Yup. Again with the whole confusing data and conclusions bit. Data is just data. It's raw bits of fact. Interpreting meaning out of that is always going to be subjective. I'll also point out that I didn't use that study to argue that abstinence only education "worked", but that it didn't "not work" any better or worse than the alternatives.
Your wording and your entire view of that issue is the result of the "spin" on the data. If you're looking for evidence that AO doesn't work, you found it. But if you were looking for evidence in that study that AO did just as good a job as contraceptive based education, you'd find that as well wouldn't you? That was the point which I kept trying to explain and you kept failing to grasp. I did not start a thread extolling the virtues of abstinence only education. Heck. I'm an avowed hedonist Joph. I'm of the opinion we should be teaching the teenage girls of today how to ride a stripper pole and providing them with real "sex eduction" so that there will be vastly more young adult women out there working in the adult industry and thus increase the odds of my harem plan coming to fruition. But that's just me...

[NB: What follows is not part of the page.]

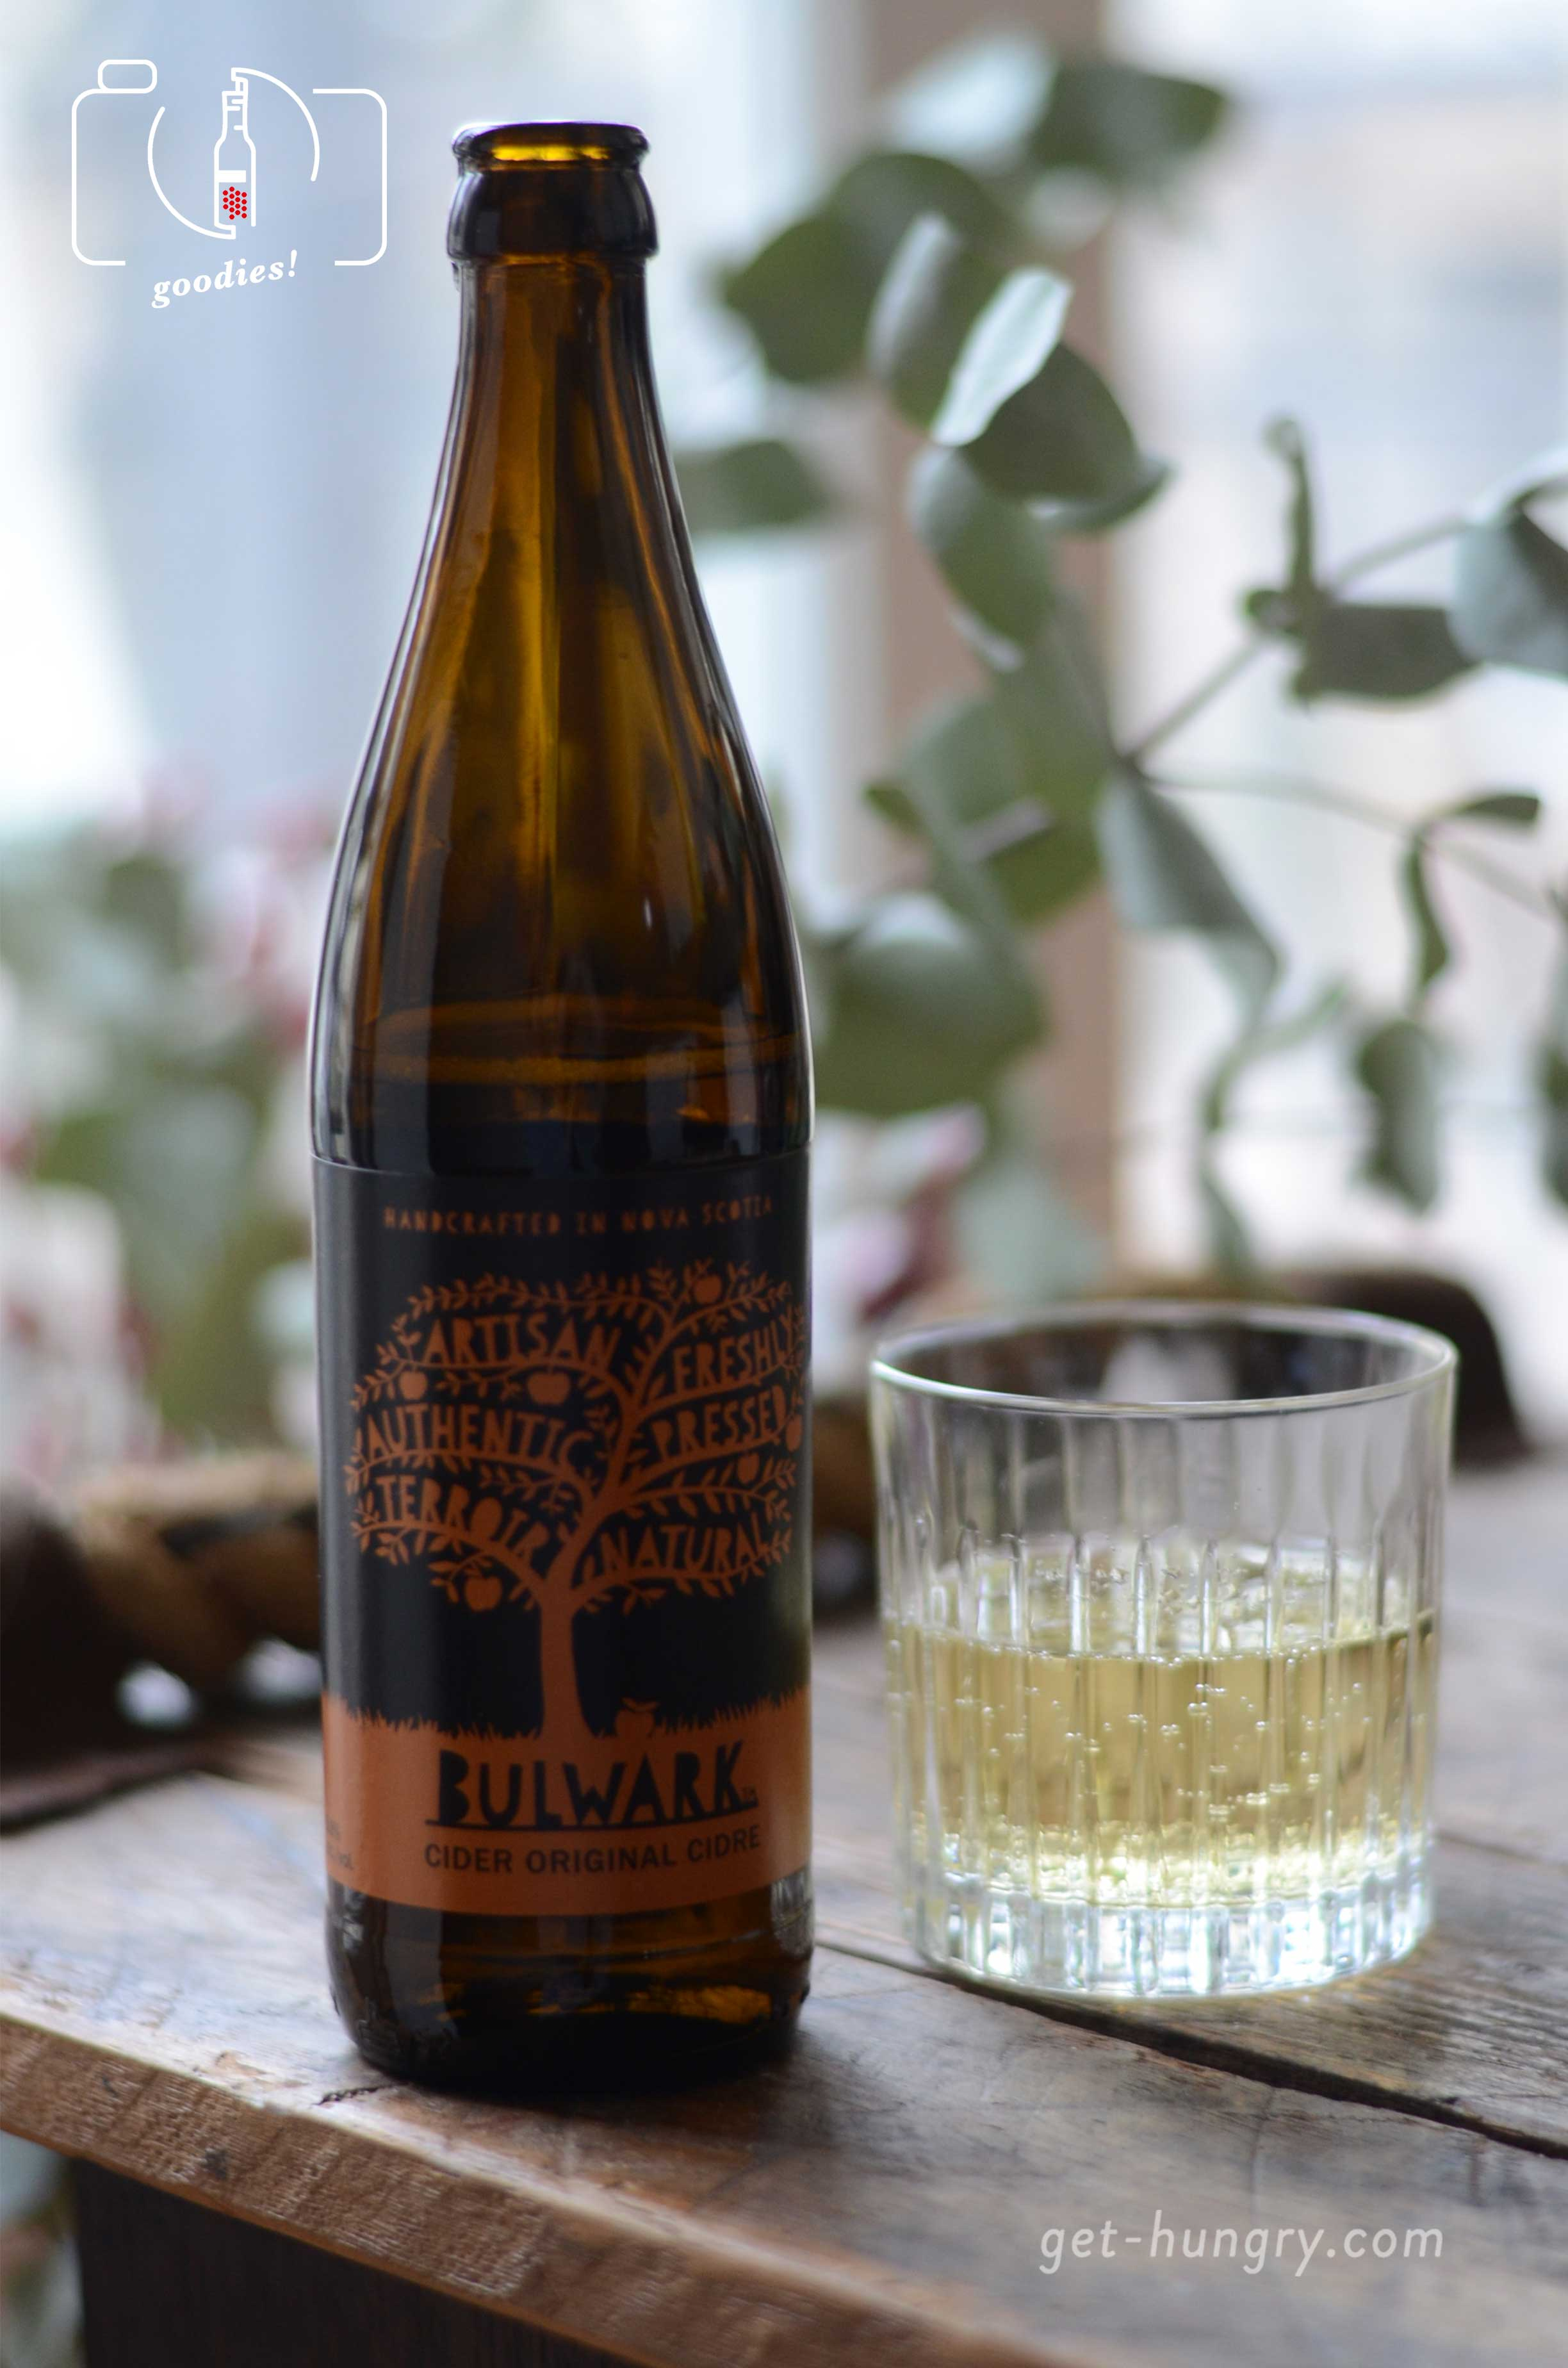 """Bulwark Cider aus """"Annapolis Valley Äpfeln"""" schmeckt durchaus anders als seine europäischen Kollegen. Aber um nichts schlechter. Schön trocken, mit fruchtigem Aroma betört aber vor allem der feine Duft von Apfelblüten, der beim Öffnen aus der Flasche strömt.  https://bulwarkcider.com/"""

I was only responding to the argument that AO didn't work or somehow was a disastrous and failed way to teach sex education. And guess what? Studies showing that kids taught AO versus contraceptive use didn't get pregnant or STDs at any higher rate proves that AO is "not" a failed way to do this.
Do you see how it wasn't me who was leading with his own assumptions Joph? I was merely pointing out that others were reading into the results of the study in question what they wanted to hear. I had no interest in that thread other than to point this out, yet you still seem to not get that it was *you* starting with an assumption and manipulating the data to match that assumption. Not me.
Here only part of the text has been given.